Making Sense of Online Reviews: A Machine Learning Approach: An Abstract
It is estimated that 80% of companies’ data is unstructured. Unstructured data, or data that is not predefined by numerical values, continues to grow at a rapid pace. Images, text, videos and voice are all examples of unstructured data. Companies can use this type of data to leverage novel insights unavailable through more easily manageable, structured data. Unstructured data, however, creates a challenge since it often requires substantial coding prior to performing an analysis. The purpose of this study is to describe the steps and introduce computational methods that can be adopted to further explore unstructured, online reviews. The unstructured nature of online reviews requires extensive text analytics processing. This study introduces methods for text analytics including tokenization at the sentence level, lemmatization or stemming to reduce inflectional forms of the words appearing in the text, and ‘bag of n-grams’ approach. We will also introduce lexicon-based feature engineering and methods to develop new lexicons for capturing theoretically established constructs and relationships that are specific to the domain of study. The numeric features generated in the analysis will then be analyzed using machine learning algorithms. This process can be applied to the analysis of other unstructured data such as dyadic information exchange between customer service, salespeople, customers and channel members.

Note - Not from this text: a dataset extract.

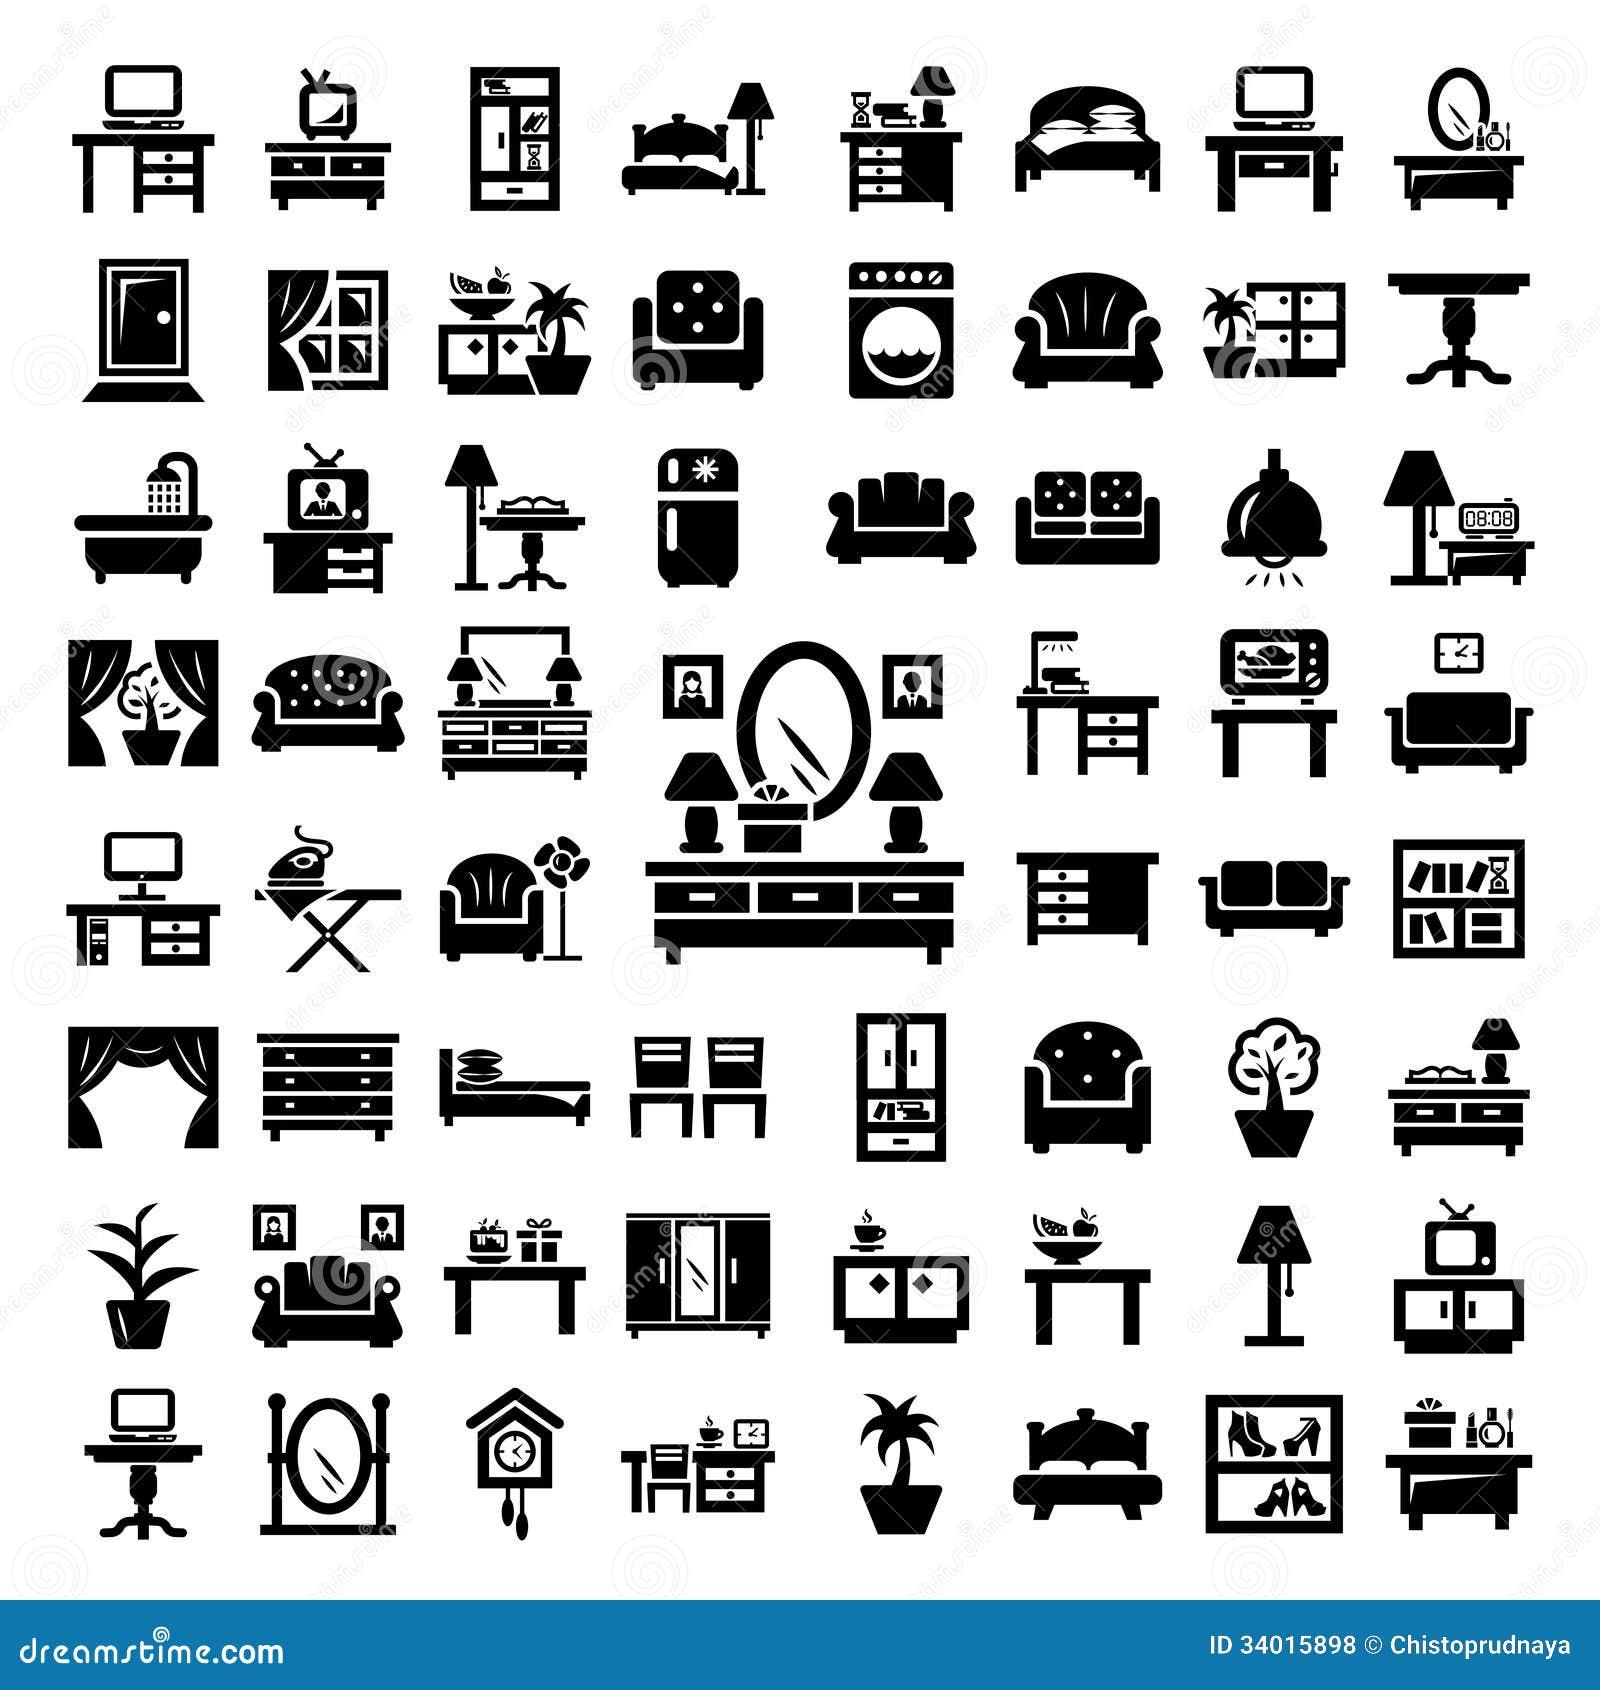 Big Furniture Icons Set Royalty Free Stock Photos Image 34015898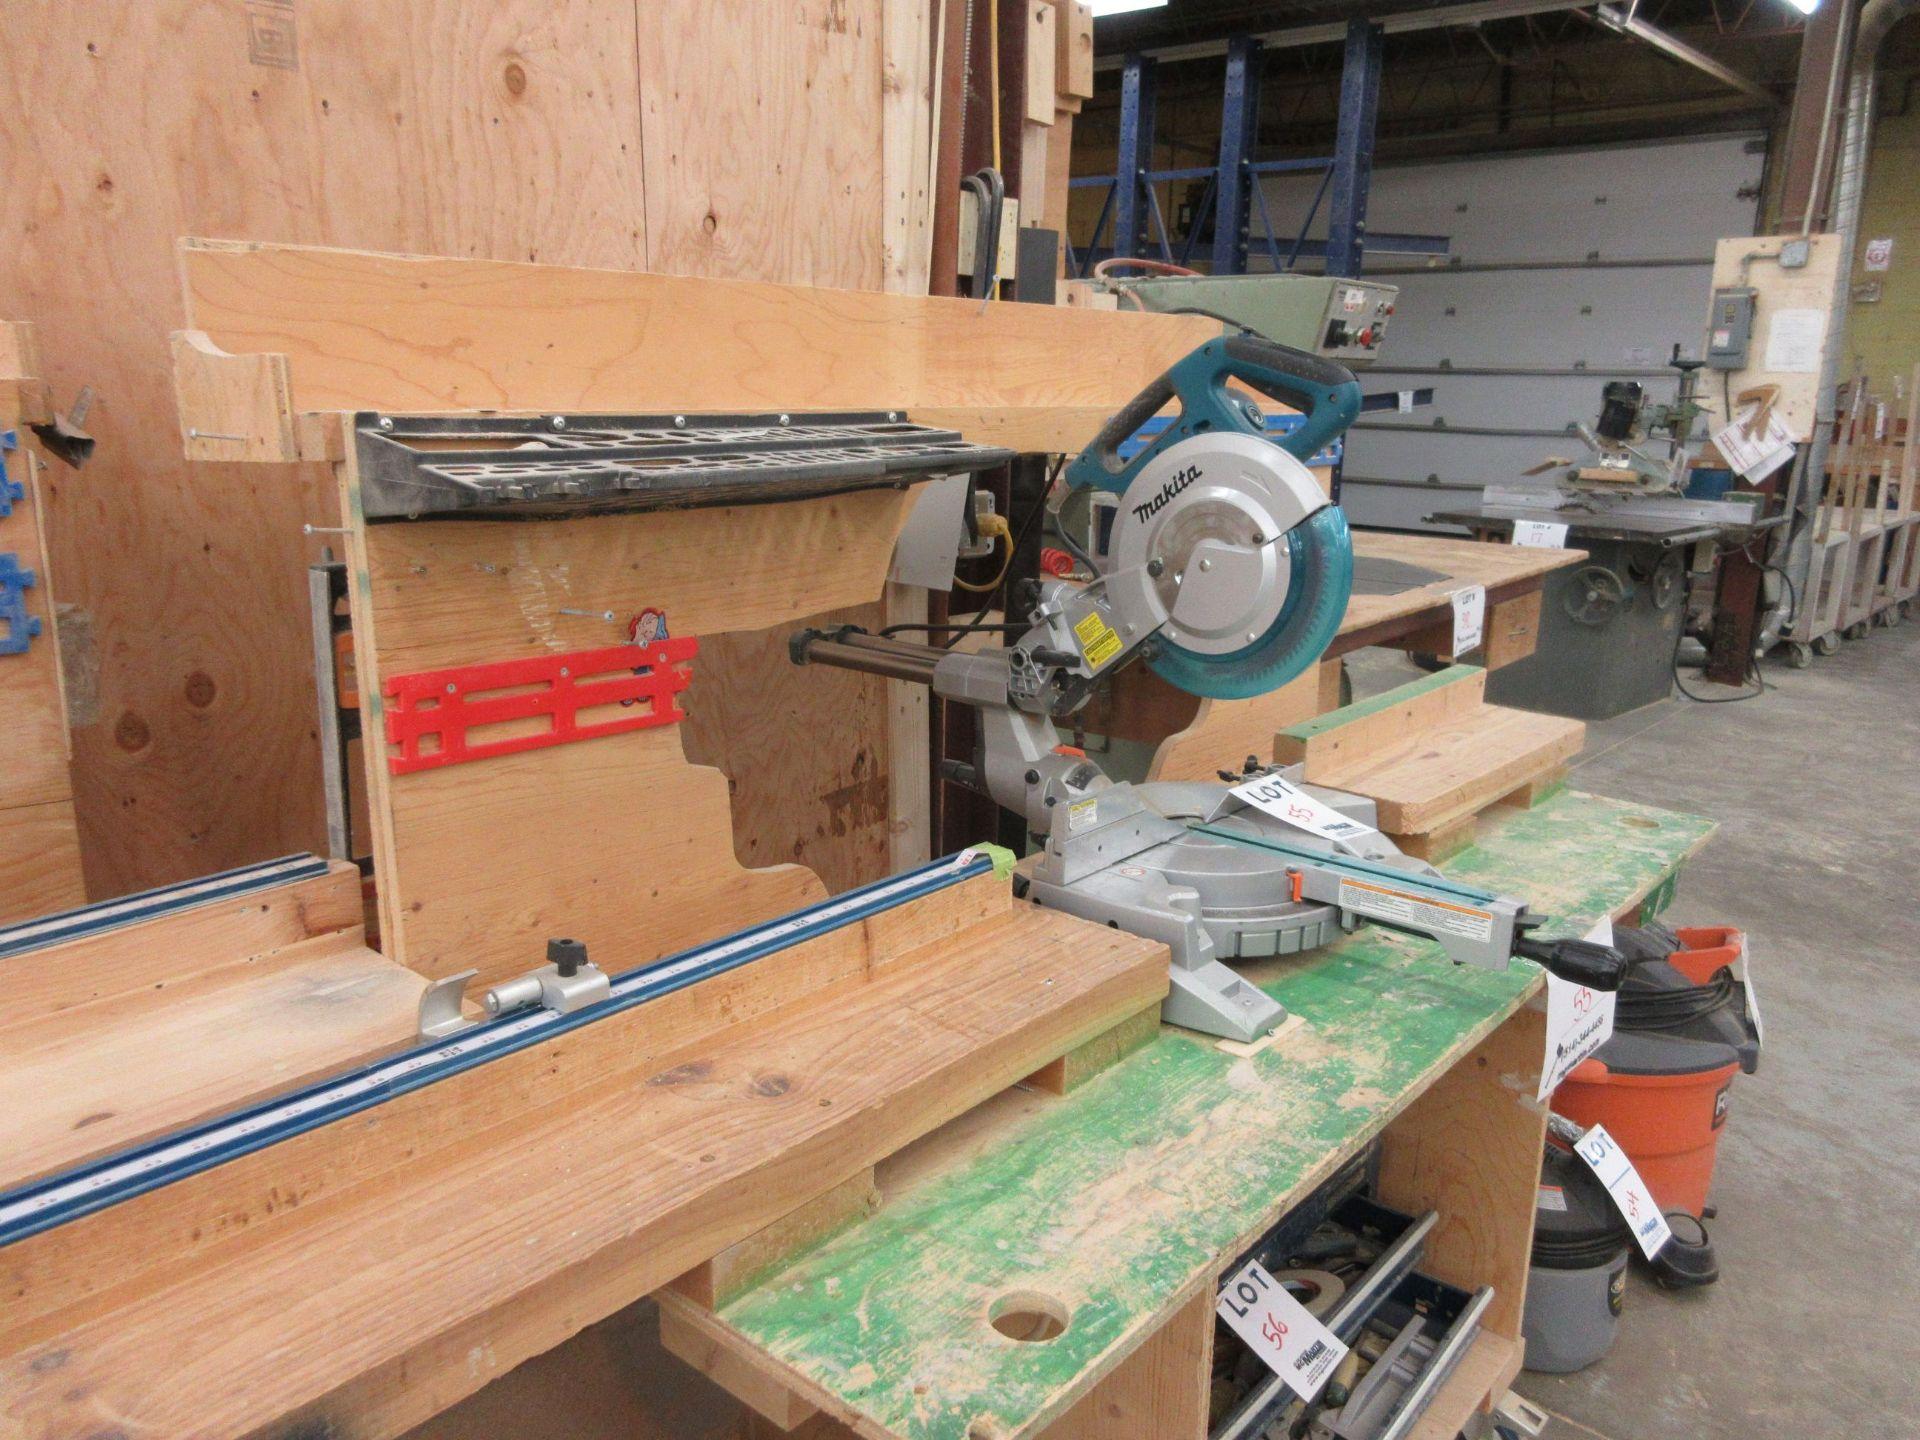 MAKITA miter saw, Mod: LS1018L c/w work table - Image 5 of 5

Although not a comprehensive set of examples, companies can apply results from unstructured data analysis to examine a variety of outcomes related to customer decisions, managing channels and mitigating potential crisis situations. Understanding interdisciplinary methods of analyzing unstructured data is critical as the availability of this type of data continues to accelerate and enables researchers to develop theoretical contributions within the marketing discipline.
Harrison, Dana E. and Ajjan, Haya, "Making Sense of Online Reviews: A Machine Learning Approach: An Abstract" (2020). ETSU Faculty Works. 523.